• [What the exercise asks] Copying rule for the data below: pictures stay out, and only the lines from the one with "A hand holding" down to the one with "Ecuadorian Americans Catholics", inclusive, are repeated exactly.

• [Exercise inputs]

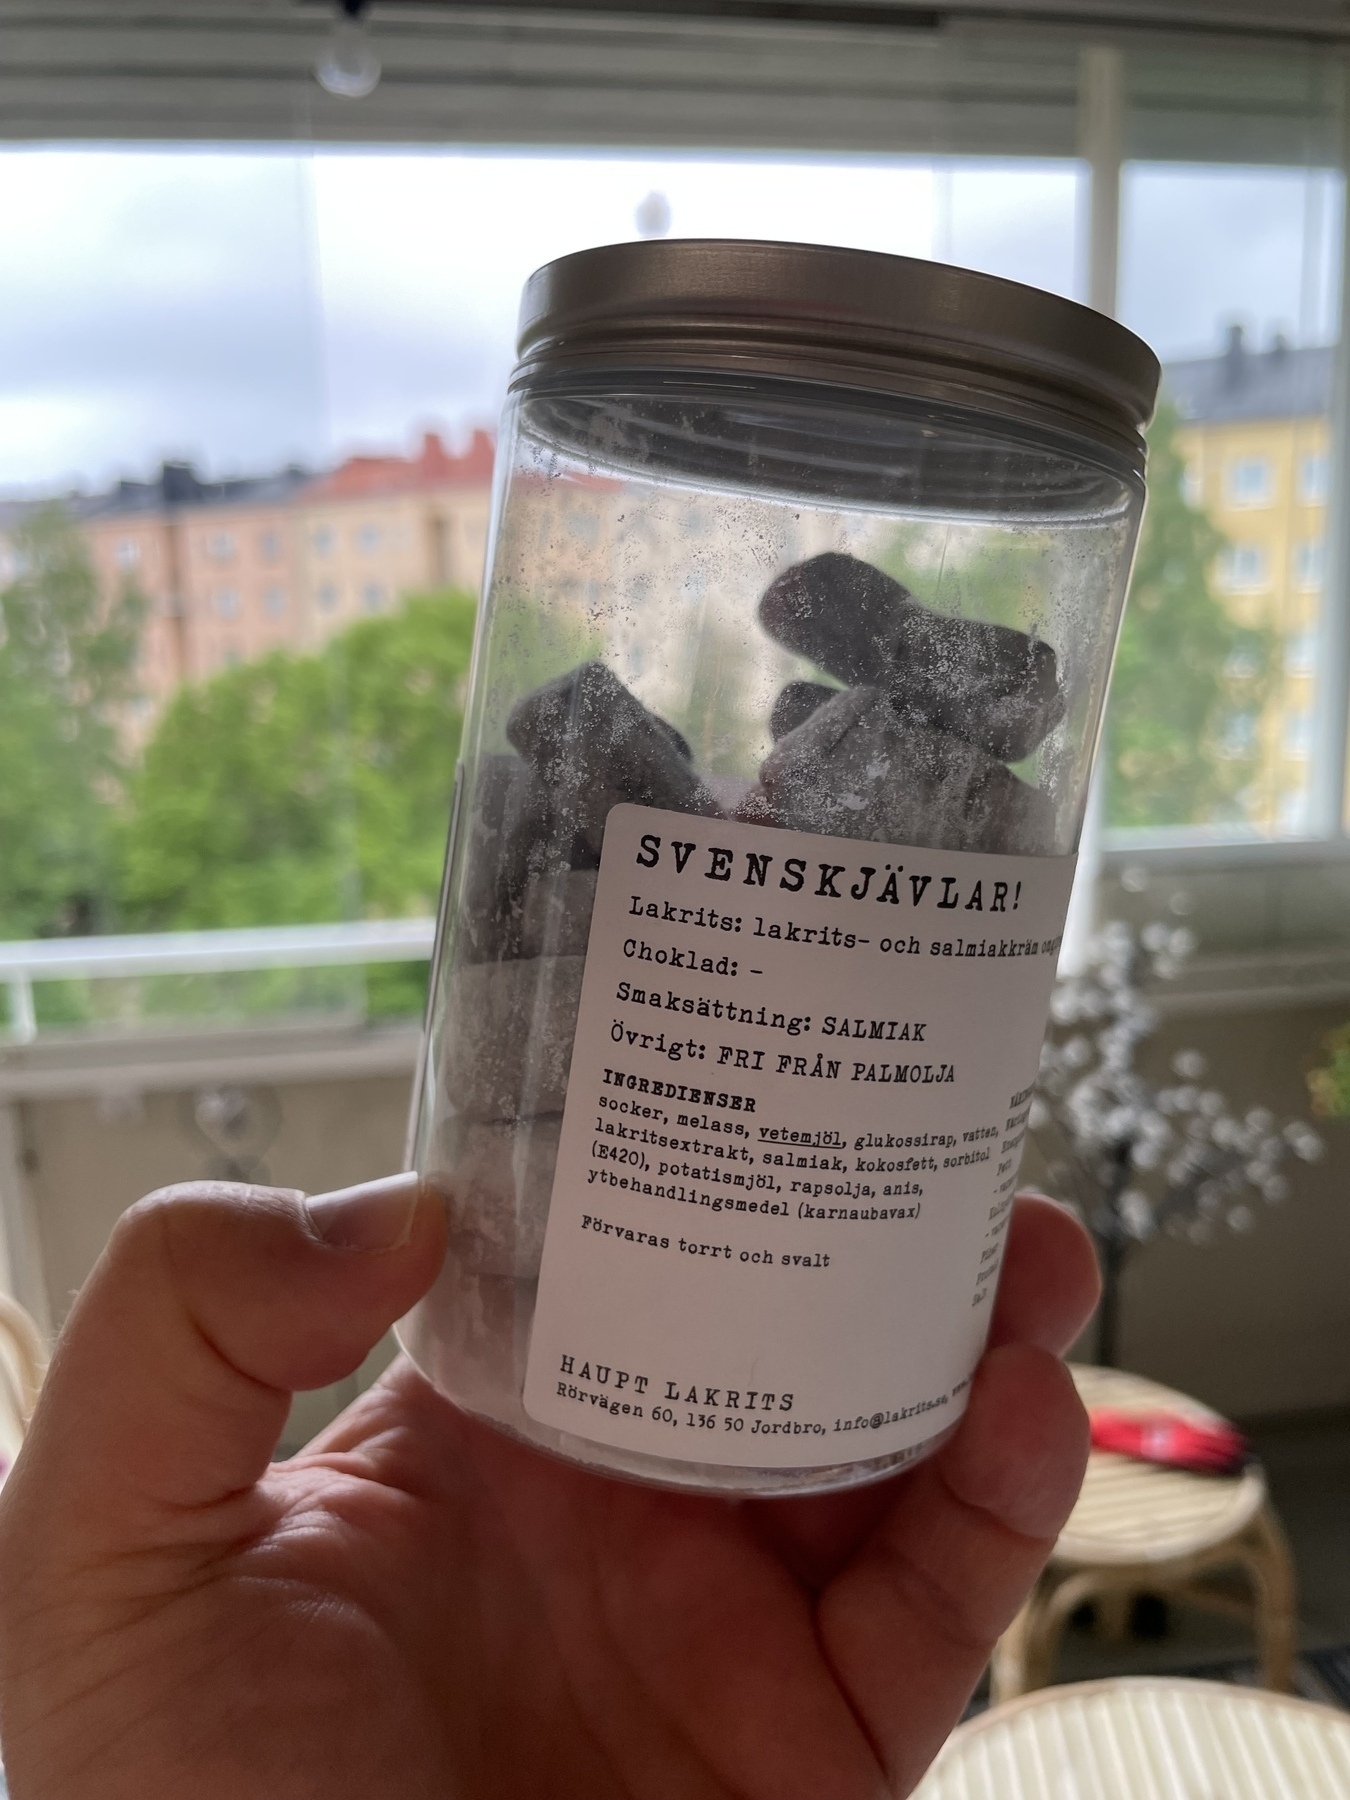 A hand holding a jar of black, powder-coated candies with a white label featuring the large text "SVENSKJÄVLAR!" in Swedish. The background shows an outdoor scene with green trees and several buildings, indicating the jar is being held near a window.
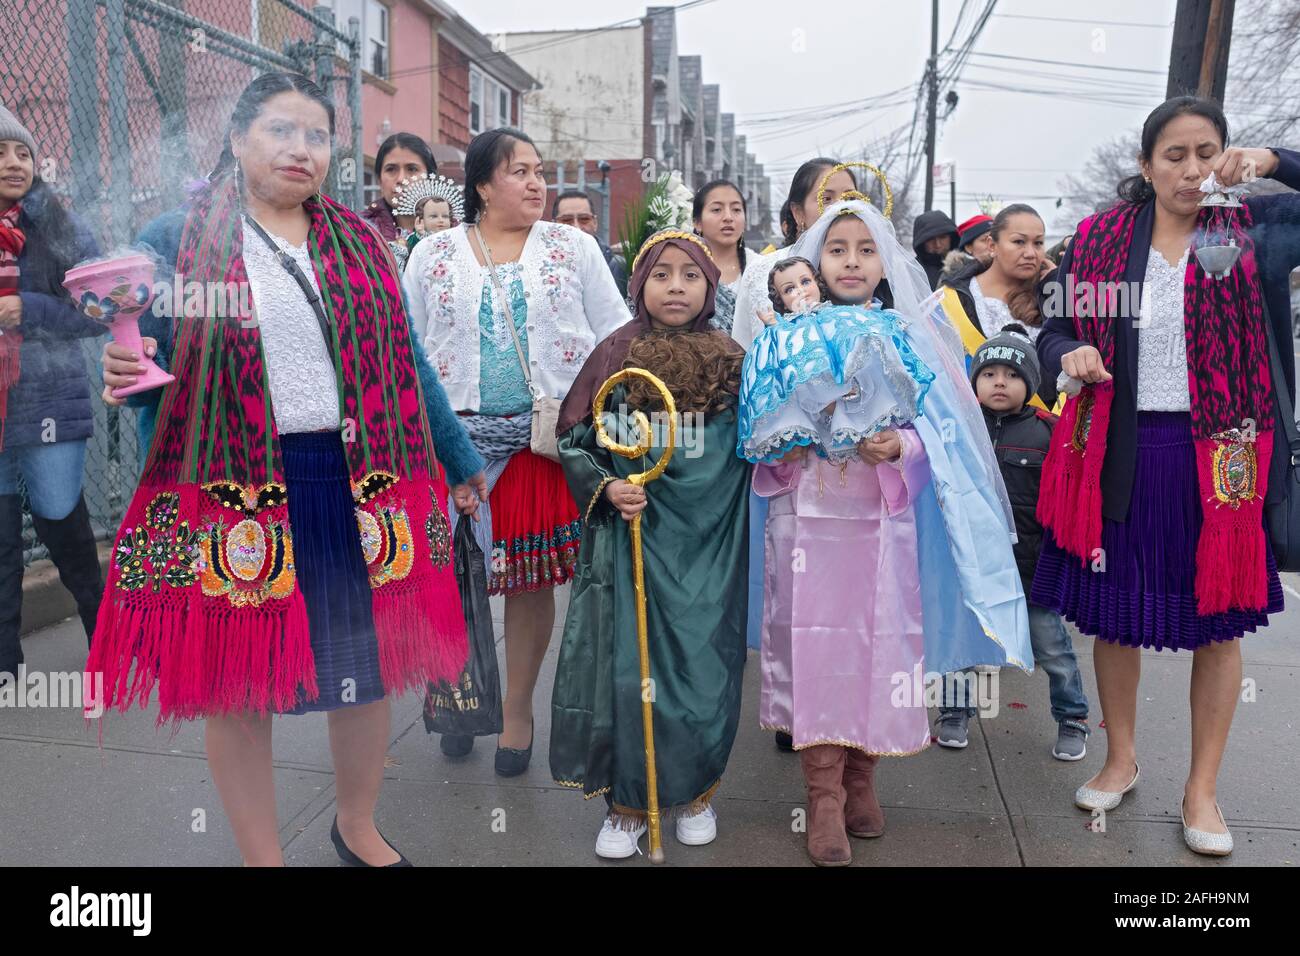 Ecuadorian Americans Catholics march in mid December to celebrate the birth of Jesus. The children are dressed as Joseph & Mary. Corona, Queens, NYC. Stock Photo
...
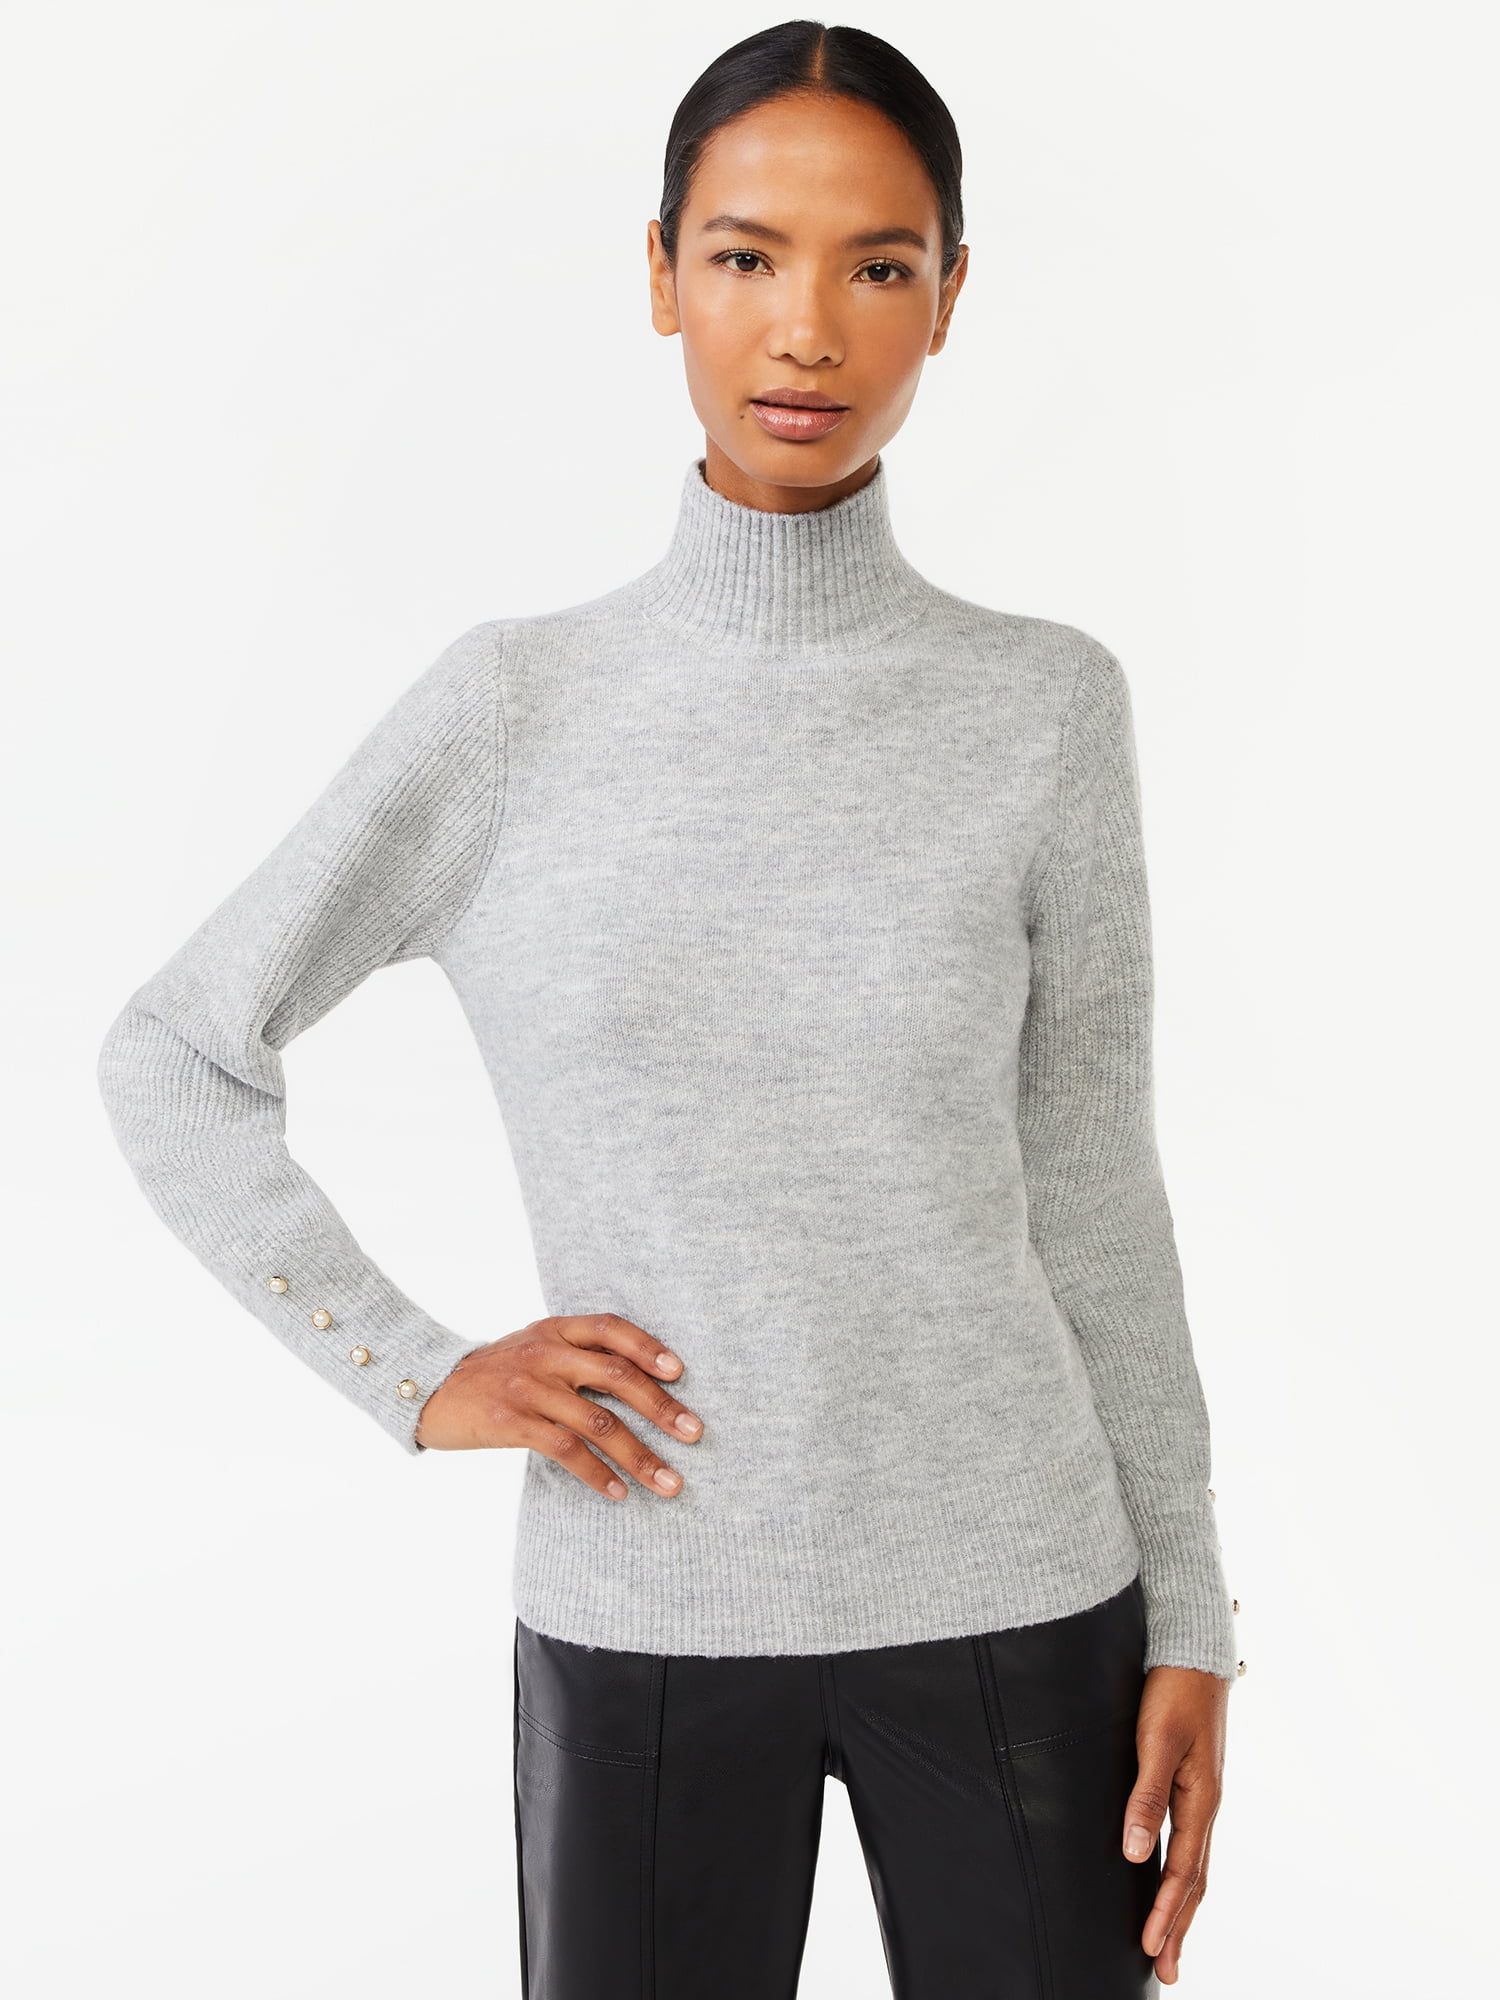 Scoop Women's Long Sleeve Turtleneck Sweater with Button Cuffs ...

• [Result of this task]
 A hand holding a jar of black, powder-coated candies with a white label featuring the large text "SVENSKJÄVLAR!" in Swedish. The background shows an outdoor scene with green trees and several buildings, indicating the jar is being held near a window.
 Ecuadorian Americans Catholics march in mid December to celebrate the birth of Jesus. The children are dressed as Joseph & Mary. Corona, Queens, NYC. Stock Photo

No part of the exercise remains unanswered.